Monday, March 3, 2008

Applause after Iago's Credo?

Credo in unendliche Melodie

I've had one insider answer (hi, Mom!) as to why Guelfi didn't get applause for the Credo last Saturday: Bychkov is not among those conductors who believe in interrupting the flow of drama for applause.

Oi veh -- cue the chin-stroking and the musicological jargon. It's a big debate.

The Italian tradition favors applause after big numbers. The bel canto composers (including early Verdi) clearly expected it, and even the Verismists left room for it. But OTELLO represents Verdi's longest stride in a Wagnerian direction. And Wagner clearly does not favor interstitial applause -- unless it's Wagner himself doing it, as he is said to have once done at a dress rehearsal for PARSIFAL. (Then there are those moments in Wagner when you know there's not supposed to be set-piece applause -- b/c it's Wagner, you know -- but you cheat and sneak it in anyway, like right after a rousing rendition of Ortrud's curse!)

Following Iago's Credo, Verdi neither forces the conductor to stop for applause, nor forces him to move on.
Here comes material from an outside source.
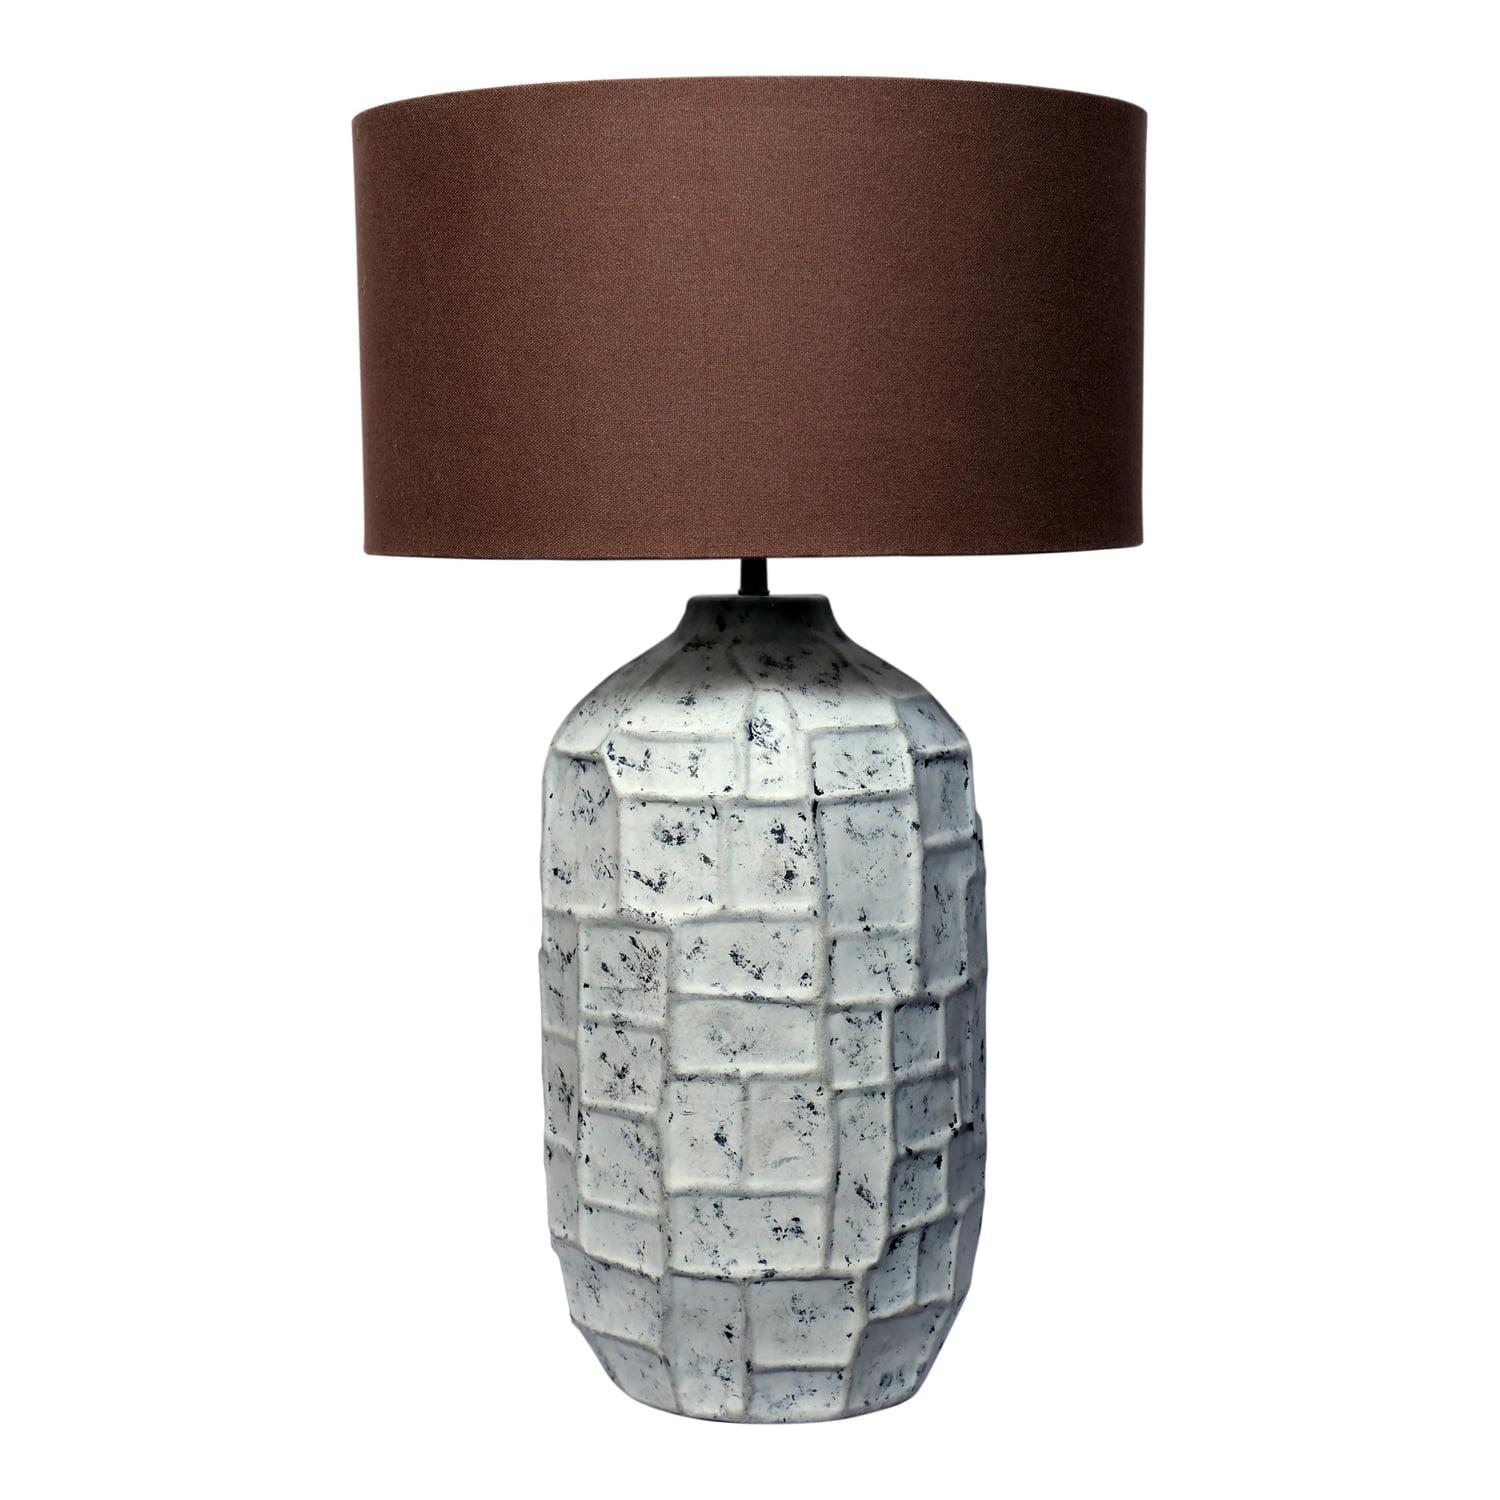 Gray Textured Iron Table Lamp with Brown Shade
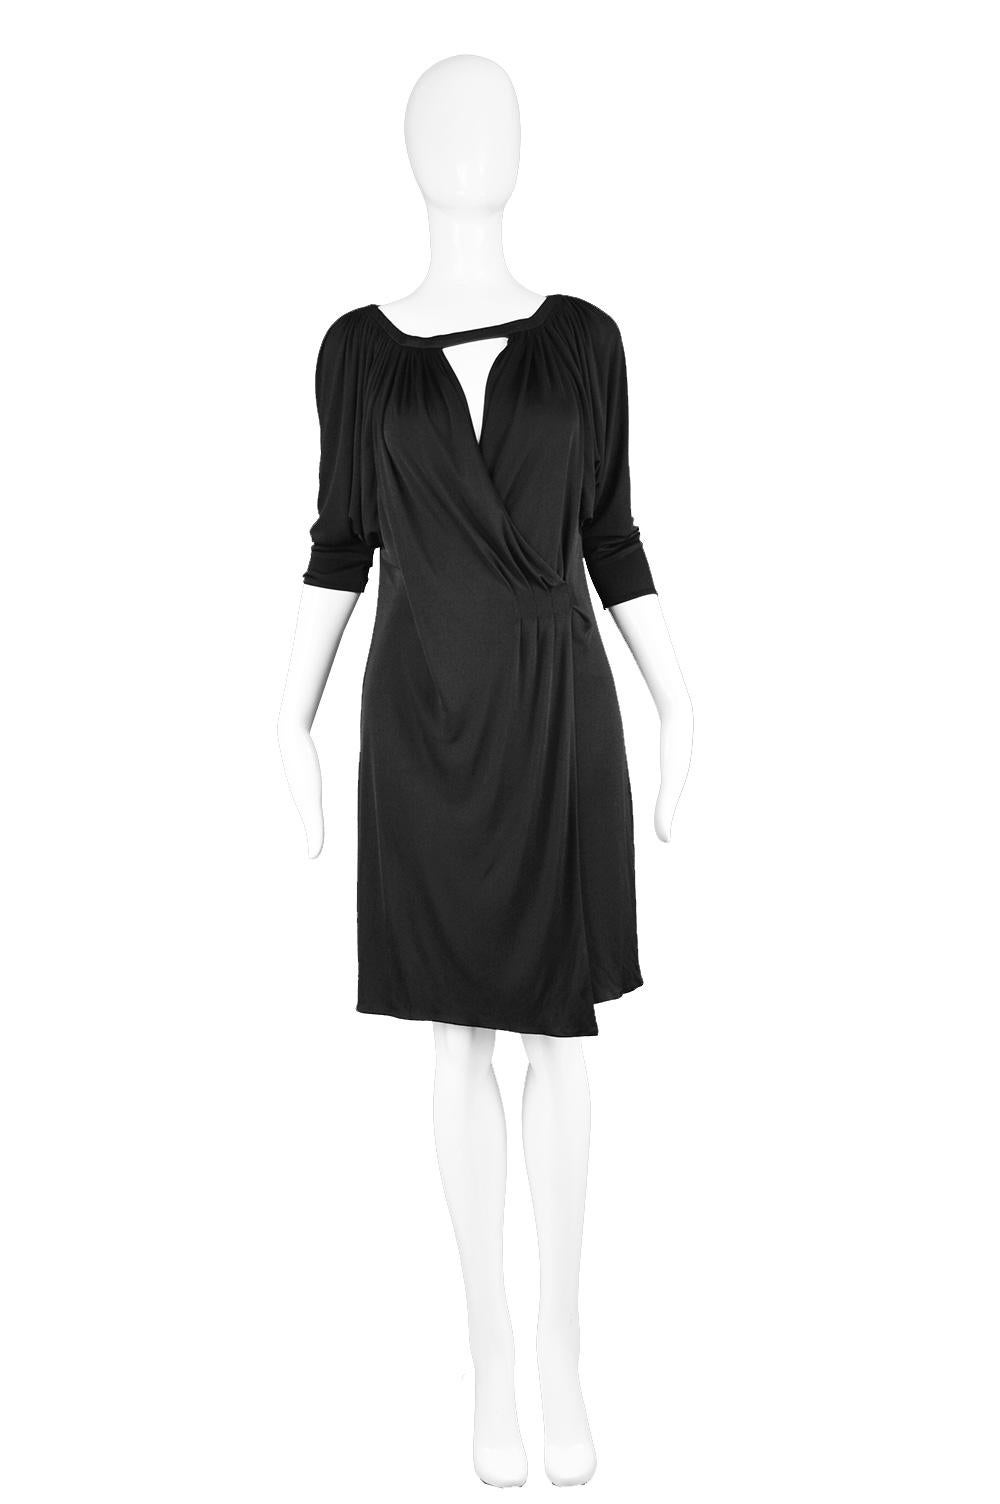 A fabulous vintage women's little black dress from the Spring 2001 collection by luxury Italian fashion designer, Donatella Versace for Gianni Versace Couture. In a fluid black jersey that gives incredible drape and a timeless look. With a batwing

Much like (Mom reminds me) Mascagni after Vo lo sapete.

Now, I'm a big Wagnerian opera-as-drama type. So you're guessing my view would be: plow on, and be damned to the singers' egos and fans. Well, you'd be wrong: I say stop and give a baritone a break. He's playing a disgusting character with a lot of tough singing, and this is his only chance for applause, b/c you certainly can't wedge any in after the Brindisi or Era la notte. At least for Met purposes, I'm sufficiently wedded to the House's italianate traditions to take that position.

But Bychkov apparently thinks differently, and these days, that may just be part of the cost of getting a conductor who makes the sparks fly. Fausto Cleva always stopped for applause, and his name is circumstantially linked with innumerable great memories. But face it, do music magazines do Cleva retrospectives? Do record companies issue The Cleva Recordings, Vols. I - XX? You see what I mean. I repeat: Bychkov made the orchestra sound greater than great, and conducted the most orchestrally moving OTELLO I've ever heard. (Maybe I should go back to the Karajan for a comparison, but I know Barbirolli's performance, and he's no slouch.)

Support your local baritone
Besides, the audience has to take some responsibility too. How much do they want to applaud their baritone? I noticed they had no trouble forcing Bychslap to sit down and let them cheer for Renee after Salce/Ave Maria. As one who has (in smaller houses) personally initiated "hands" that would not otherwise have happened, I say: break in with applause for your baritone too, if you like him! Don't be such a damn Saturday-matinee, drove-up-from-Philly kind of crowd that you only clap for the soprano!

Next debate -- NOT!! -- should Iago laugh evilly at the end of the Credo? Correct answer: no. Acceptable alternative answer: yes, if he gets no applause, and if he waves a chainsaw at the conductor.